Objective. Cone-beam CT (CBCT) in modern pre-clinical small-animal radiation research platforms provides volumetric images for image guidance and experiment planning purposes. In this work, we implemented multi-energy element-resolved (MEER) CBCT using three scans with different kVps on a SmART platform (Precision x-ray Inc.) to determine images of relative electron density (rED) and elemental composition (EC) that are needed for Monte Carlo-based radiation dose calculation. Approach. We performed comprehensive calibration tasks to achieve sufficient accuracy for this quantitative imaging purpose.
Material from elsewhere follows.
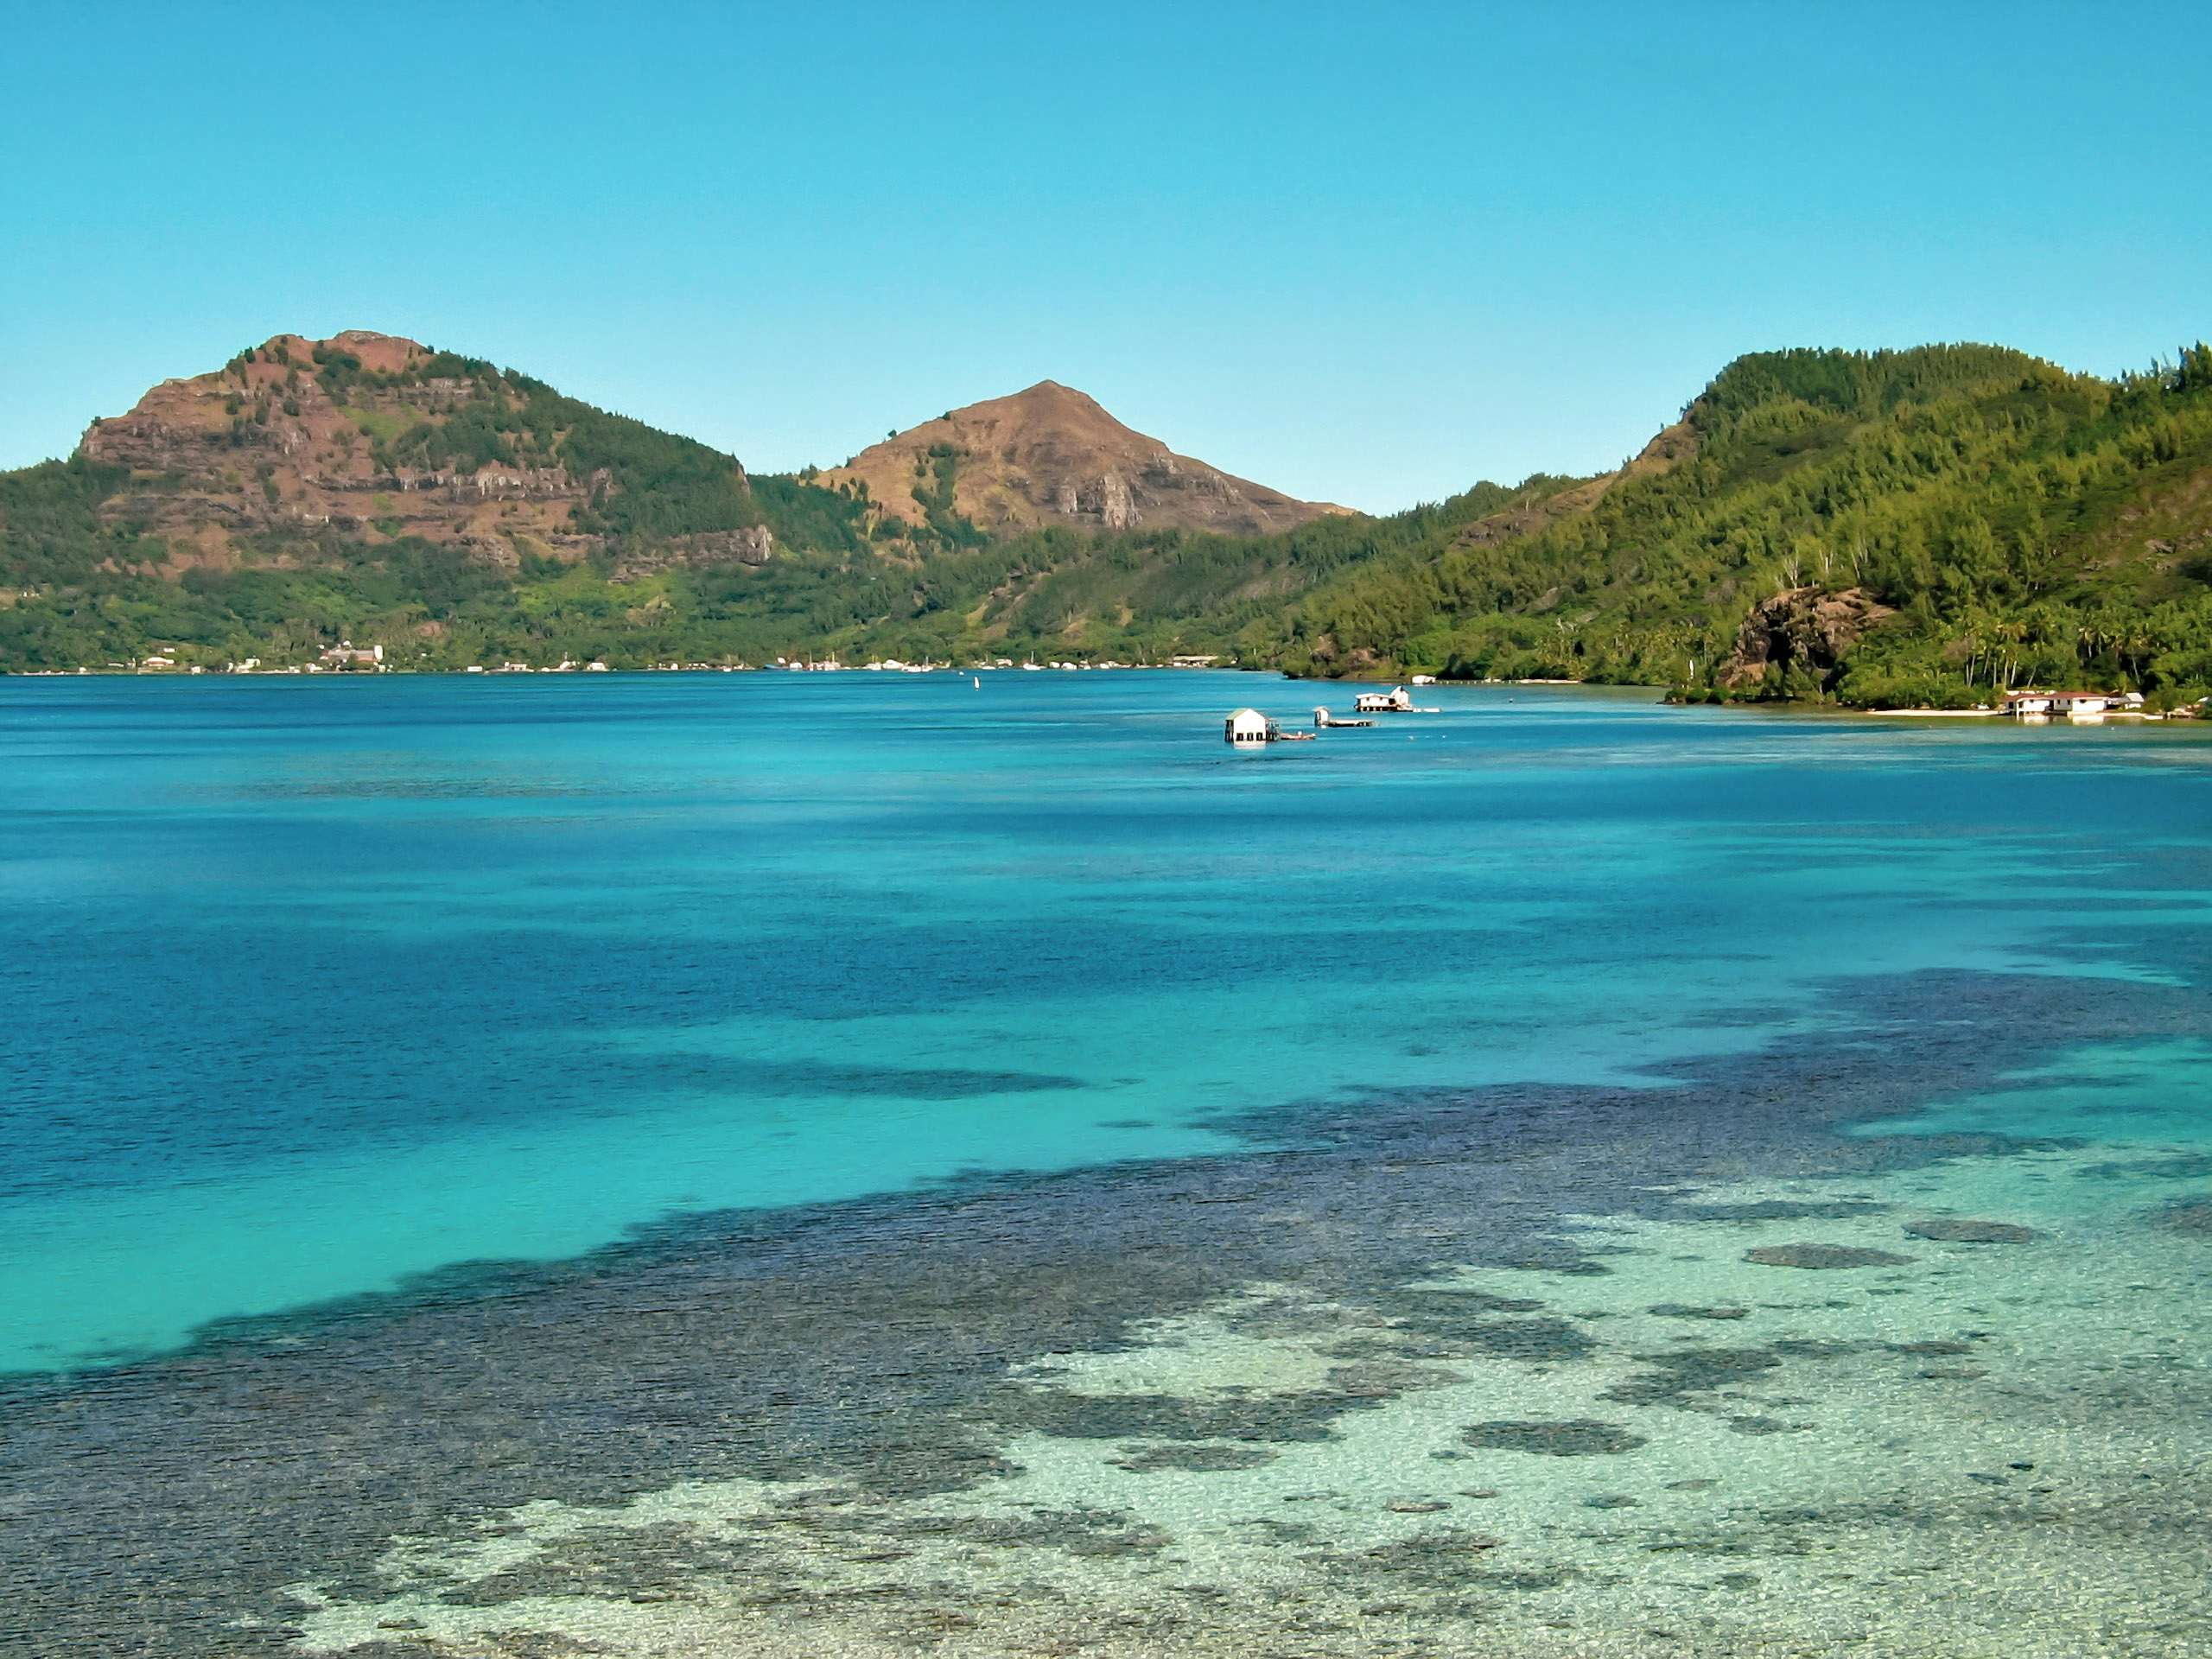 Tranquil coastal view of the Gambier Islands with clear blue waters and coral reefs in the foreground, anchored boats in the middle, and verdant hills in the background under a clear sky.

For geometry calibration, we scanned a ball bearing phantom and used an analytical method together with an optimization approach to derive gantry angle specific geometry parameters. Intensity calibration and correction included the corrections for detector lag, glare, and beam hardening. The corrected CBCT projection images acquired at 30, 40, and 60 kVp in multiple scans were used to reconstruct CBCT images using the Feldkamp–Davis–Kress reconstruction algorithm. After that, an optimization problem was solved to determine images of rED and EC. We demonstrated the effectiveness of our CBCT calibration steps by showing improvements in image quality and successful material decomposition in cases with a small animal CT calibration phantom and a plastinated mouse phantom. Main results. It was found that artifacts induced by geometry inaccuracy, detector lag, glare, and beam hardening were visually reduced. CT number mean errors were reduced from 19% to 5%. In the CT calibration phantom case, median errors in H, O, and Ca fractions for all the inserts were below 1%, 2%, and 4% respectively, and median error in rED was less than 5%. Compared to the standard approach deriving material type and rED via CT number conversion, our approach improved Monte Carlo simulation-based dose calculation accuracy in bone regions. Mean dose error was reduced from 47.5% to 10.9%. Significance. The MEER-CBCT implemented on an existing CBCT system of a small animal irradiation platform achieved accurate material decomposition and significantly improved Monte Carlo dose calculation accuracy.